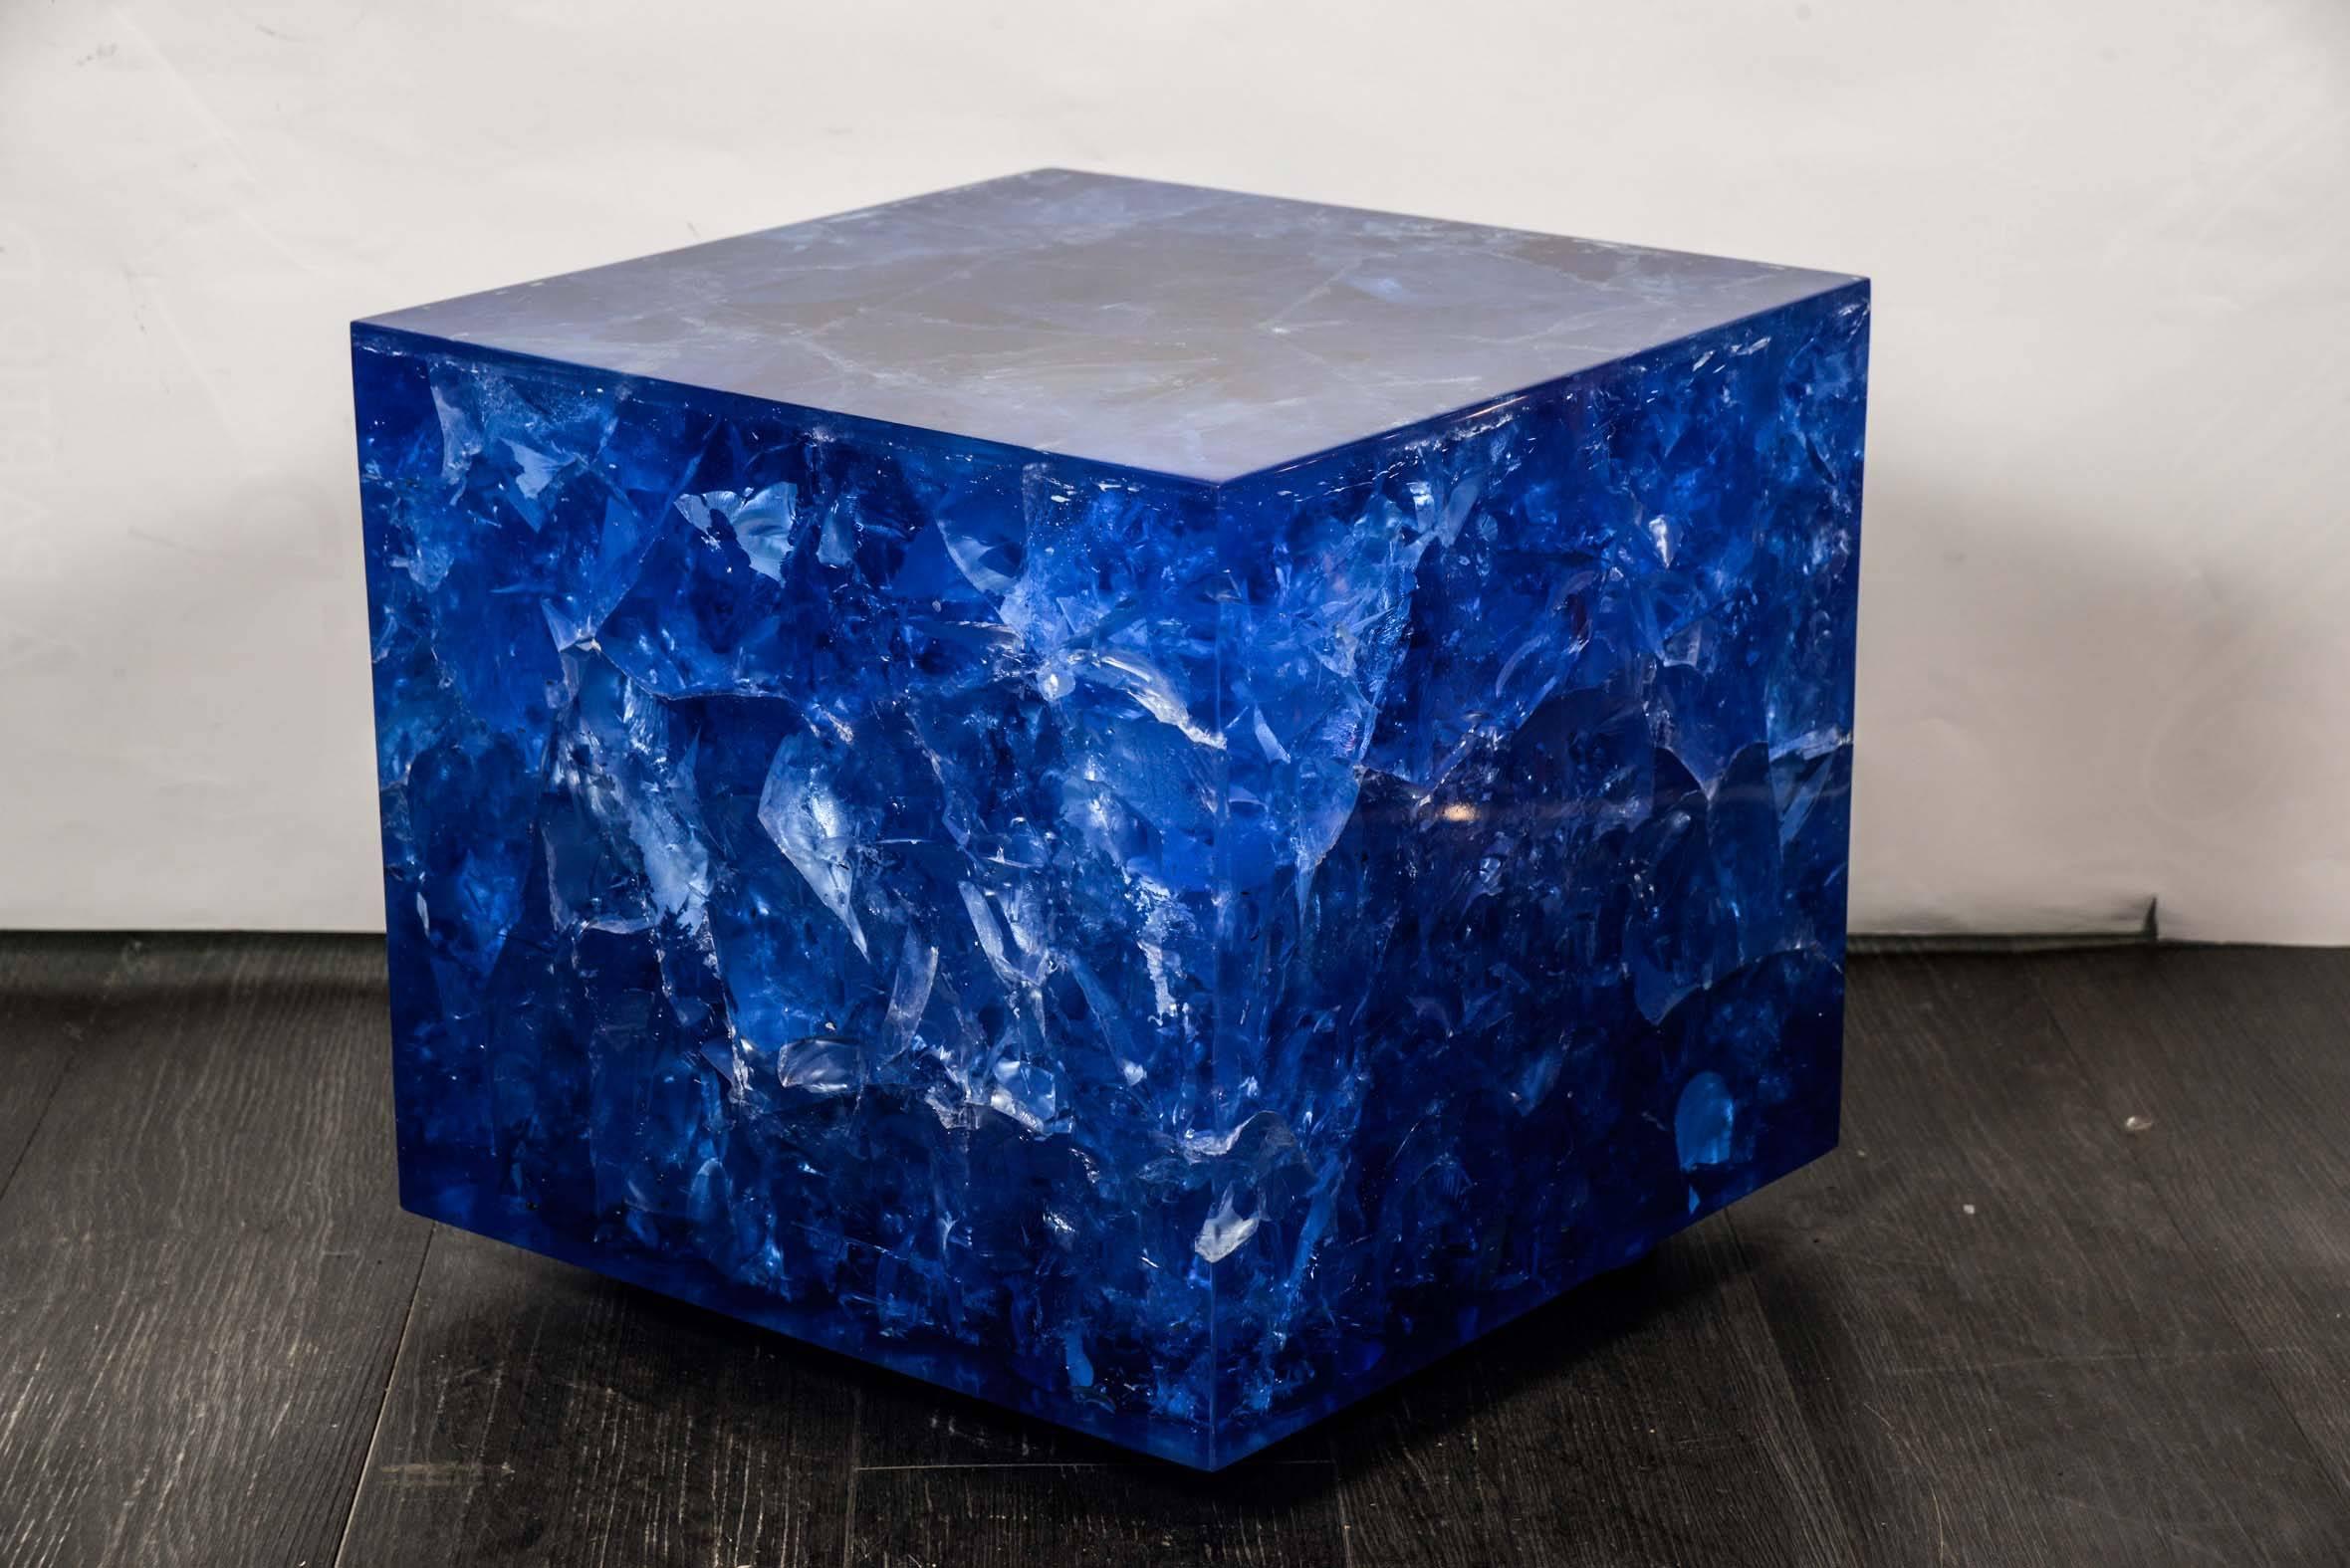 Beistelltische aus Crushed-Ice-Harz von Franco Gavagni für die Galerie Régis Royant.
Die Qualität ist erstaunlich, aber es ist besser, sie mit einem Glas zu schützen.
Das Gewicht beträgt jeweils 60 Kilo.
Auflage von acht Stück in jeder Farbe.

******************************

EXERCISE:
For every line above, produce an exact transcription that omits the images.

ANSWER TO THIS EXERCISE:
 Beistelltische aus Crushed-Ice-Harz von Franco Gavagni für die Galerie Régis Royant.
Die Qualität ist erstaunlich, aber es ist besser, sie mit einem Glas zu schützen.
Das Gewicht beträgt jeweils 60 Kilo.
Auflage von acht Stück in jeder Farbe.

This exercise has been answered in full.